Эликсиры сатаны - Гофман Эрнст Теодор Амадей (читать книги без регистрации txt) 📗
Он повел меня наверх, убрал охотничий нож, снял шляпу, накинул на себя халат и попросил меня не смущаться грубым приемом, ведь он живет тут вдали от человеческого жилья и тем более должен быть начеку, что по лесу шляется всякий сброд, а с так называемыми вольными стрелками, которые уже не раз покушались на его жизнь, у него, можно сказать, открытая вражда.
-- Но эти негодяи, -- продолжая он, -- ничего не могут со мной поделать, ибо я, с Божьей помощью, служу верой и правдой, и, уповая на Господа и полагаясь на свое доброе ружье, смело бросаю им вызов.
Невольно--и в этом сказалась старая привычка-- я произнес несколько елейных слов о спасительной надежде на Бога, и лесничий, становясь все веселей и веселей, разбудил, вопреки моим уговорам, свою жену, пожилую, но очень подвижную и бодрую мать семейства; хотя ее подняли среди ночи, она приветливо отнеслась к гостю и по приказанию мужа тотчас принялась готовить мне ужин. Чтобы наказать возчика, он велел ему еще этой ночью возвратиться со сломанным экипажем на станцию, с которой он выехал, меня же, если мне будет угодно, он пообещал доставить на следующую станцию на своих лошадях. Мне это было приятно, так как я чувствовал потребность хотя бы в непродолжительном отдыхе. Я ответил лесничему, что охотно останусь до завтрашнего полудня, чтобы хорошенько отдохнуть, ведь я проехал без остановки несколько дней.
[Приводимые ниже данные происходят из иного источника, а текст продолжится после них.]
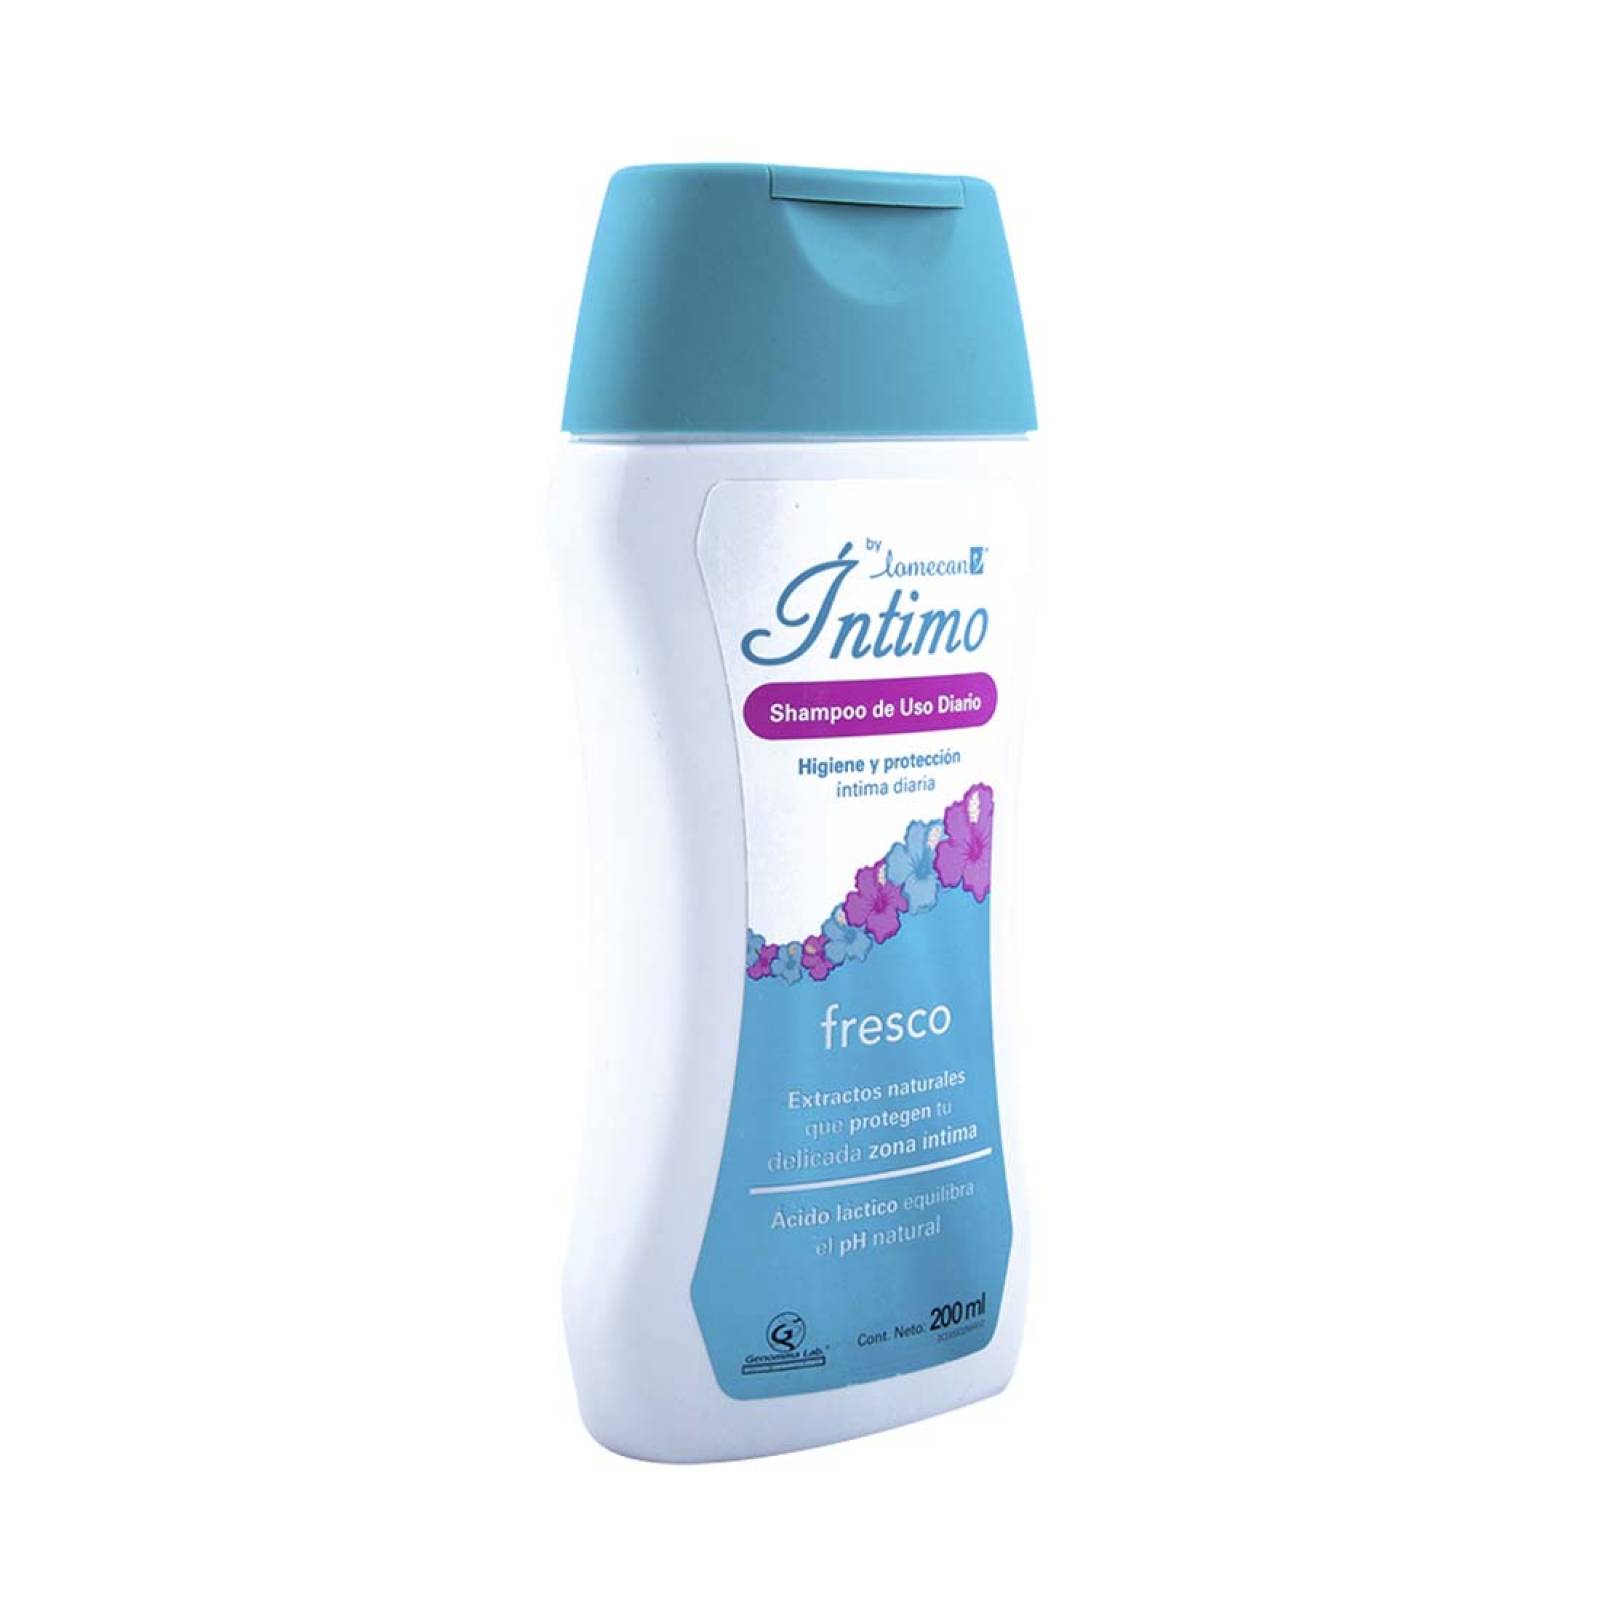 Shampoo Íntimo Lomecan V Fresco 200ml Genomma Lab

-- Осмелюсь, сударь, дать вам совет, -- ответил лесничий, -- оставайтесь-ка завтра весь день, а послезавтра мой старший сын, которого я посылаю в герцогскую резиденцию, отвезет вас до ближайшей станции.
Я и на это согласился и стал расхваливать их уединенное житье, показавшееся мне весьма привлекательным.
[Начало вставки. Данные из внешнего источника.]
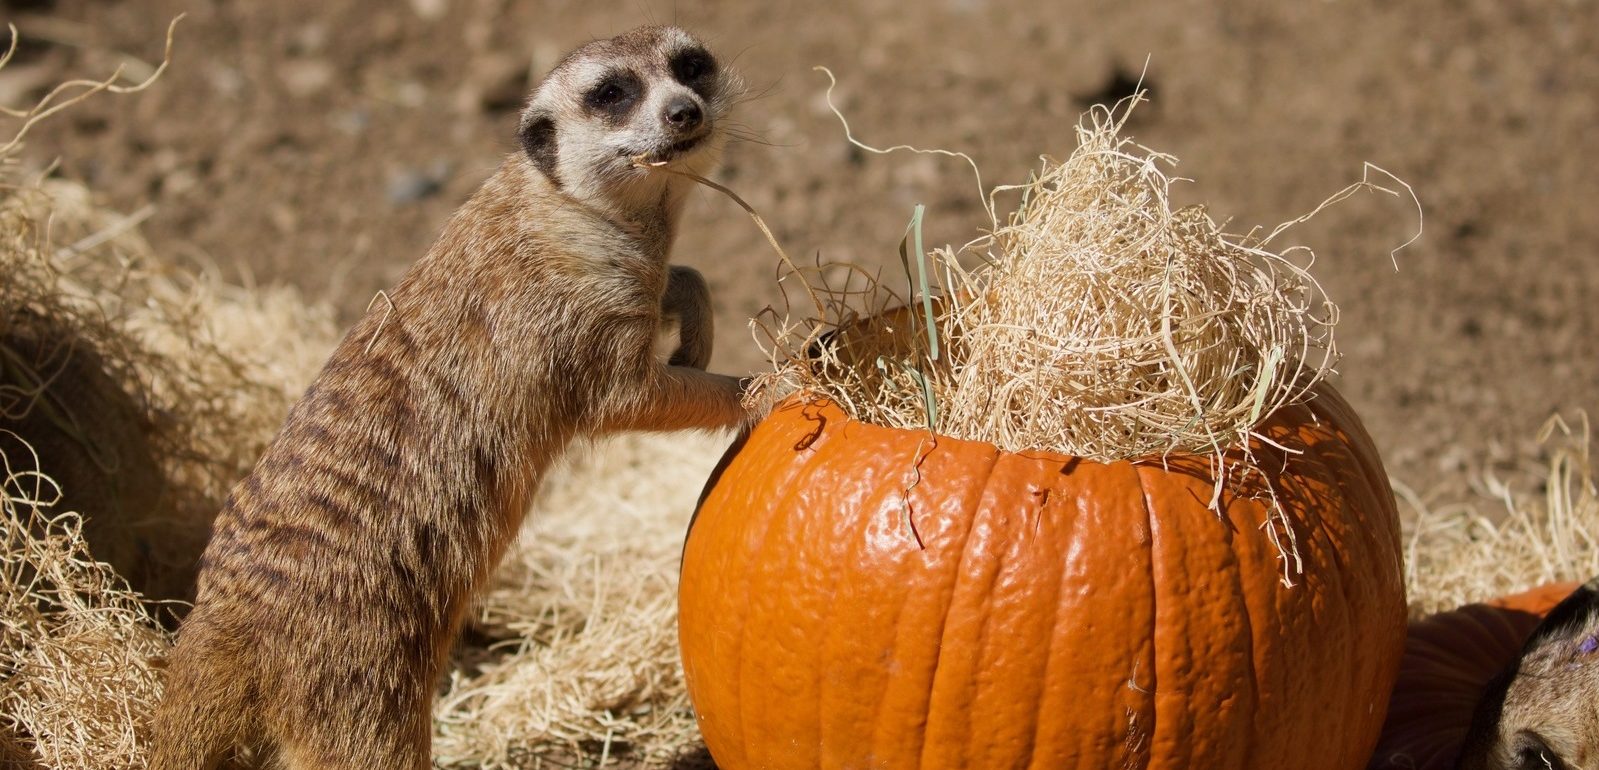 meerkat standing next to pumpkin filled with straw

-- Да нет, сударь,-- сказал лесничий,--здесь не так уж одиноко, это вы судите как горожанин, который каждое жилище, в лесу называет уединенным, не обращая внимания на то, кто и как в нем живет. Вот когда в этом видавшем виды охотничьем замке жил еще его прежний владелец, ворчливый старик, который сидел запершись в четырех стенах и не получал никакой радости от леса и охоты, тогда это действительно было уединенное житье, а когда он умер и наш милостивый владетельный герцог перестроил здание под жилище лесничего, вот тут-то и закипела жизнь! Вы, сударь, горожанин, и ничего не знаете ни о лесе, ни об охотничьих забавах, и вам небось невдомек, что за развеселую жизнь ведем мы, охотники. Я со своими егерями живу одной семьей, а затем, считайте это чудачеством или нет, но я причисляю к ней и наших умных неутомимых собак; как они понимают каждое мое слово, малейший мой знак, да ведь они жизнь положат за меня!
Видите, каким понимающим взглядом смотрит на меня мой Леший? Он знает, что речь идет о нем.
Нет, сударь, у нас в лесу почти всегда находится дело: с вечера надо подготовиться, отдать распоряжения, а чуть забрезжило, встаешь с постели и выходишь во двор, наигрывая на своем роге веселый охотничий мотив. Тут все поднимаются на ноги, словно стряхивая с себя дрему, собаки взлаивают и подают голоса -- они почуяли охоту и ошалели от радости. Егеря мои мигом одеты, прилаживают ягдташи и, перекинув ружья через плечо, входят в комнату, где моя старушка хлопочет за дымящимся завтраком, и, глядишь, мы веселой гурьбой уж вышли за ворота. Приходим туда, где затаилась дичь, и каждый становится на свое место, поодаль друг от друга; собаки носятся, пригнув голову к земле, принюхиваясь и разбирая следы, и нет-нет взглянут на охотника разумными, человечьими глазами, а тот стоит еле дыша, не шевелясь, будто в землю врос, и держит палец на взведенном курке.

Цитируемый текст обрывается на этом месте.